The Impulse gradient coil achieves much faster gradient switching (900 T/m/s) and higher maximum gradient amplitude (200 mT/m) than standard 7 T whole-body gradient coils. As such, it can achieve an order of magnitude greater performance than current standard 7 T systems, and about five times the performance of an existing head-only gradient coil operating at 7 T.

Diffusion MR images

The NexGen 7 T scanner is also the first to incorporate a 128-channel receiver system. The scanner currently includes two RF receiver–transmit coil arrays: a 64-channel receiver array coil and a 96-channel coil, with 4 cm loop diameters. These larger receiver arrays with smaller coil loops achieve higher signal in the cortex and roughly 30% improvement in signal-to-noise ratio compared with a standard 32-channel receiver array coil.

Other system modifications required to optimize the new scanner included adapting the acquisition computer to support the large data set size acquired with 64-, 96- and 128-channel receiver coil arrays and the larger matrix sizes used for high-resolution imaging. This included increasing the memory capacity of the reconstruction computer to superfast memory modules and expanding the disk space for raw k-space data on the measurement and reconstruction system. The team also designed a custom interface connector to accommodate 128 receive channels.

To date, the researchers have imaged over 100 healthy volunteers on the NexGen 7 T scanner with no adverse effects. Studies included evaluating multi-echo echo-planar imaging, cerebral blood volume contrast imaging, diffusion imaging, gradient echo imaging and MR angiography. They note that future studies with co-registration of structural and functional data in a single participant, combining high angular resolution of fibre tracks and laminar fMRI of the whole brain should be possible.

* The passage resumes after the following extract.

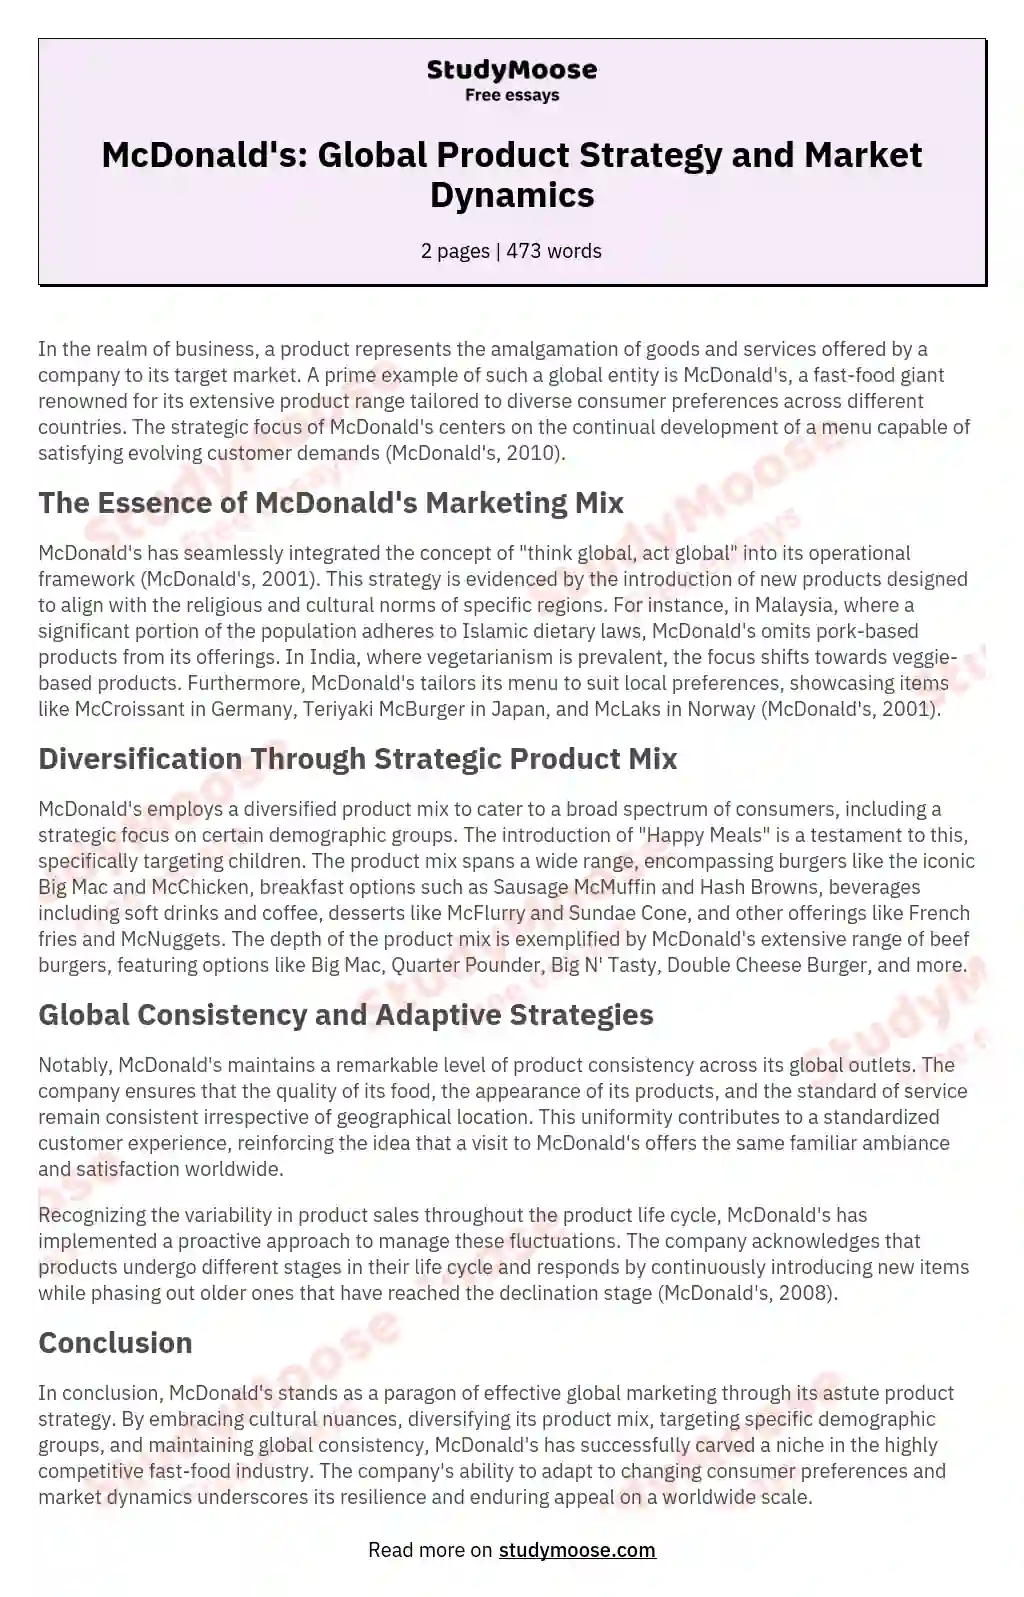 McDonald's: Global Product Strategy and Market Dynamics essay

Many technical challenges remain before super-resolution MRI scanners can be used in routine clinical brain imaging. High cost is another factor. But the team believes that “the numerous innovations developed and incorporated into the NexGen 7 T scanner will make diverse human neuroscience studies at ultrahigh resolution routinely possible, including functional imaging of cortical layer and columnar organization”.

  • The NextGen 7 T scanner was developed by a multi-institutional team of researchers at a cost of $22 million, with an initial $13.4 million research grant from the NIH’s Brain Research through Advancing Innovative Neurotechnologies (BRAIN) initiative. Academics and scientists at Siemens Healthcare, RF coil designer MR CoilTech and R&D company Advanced MRI Technologies (AMRIT) were major contributors to the scanner’s development.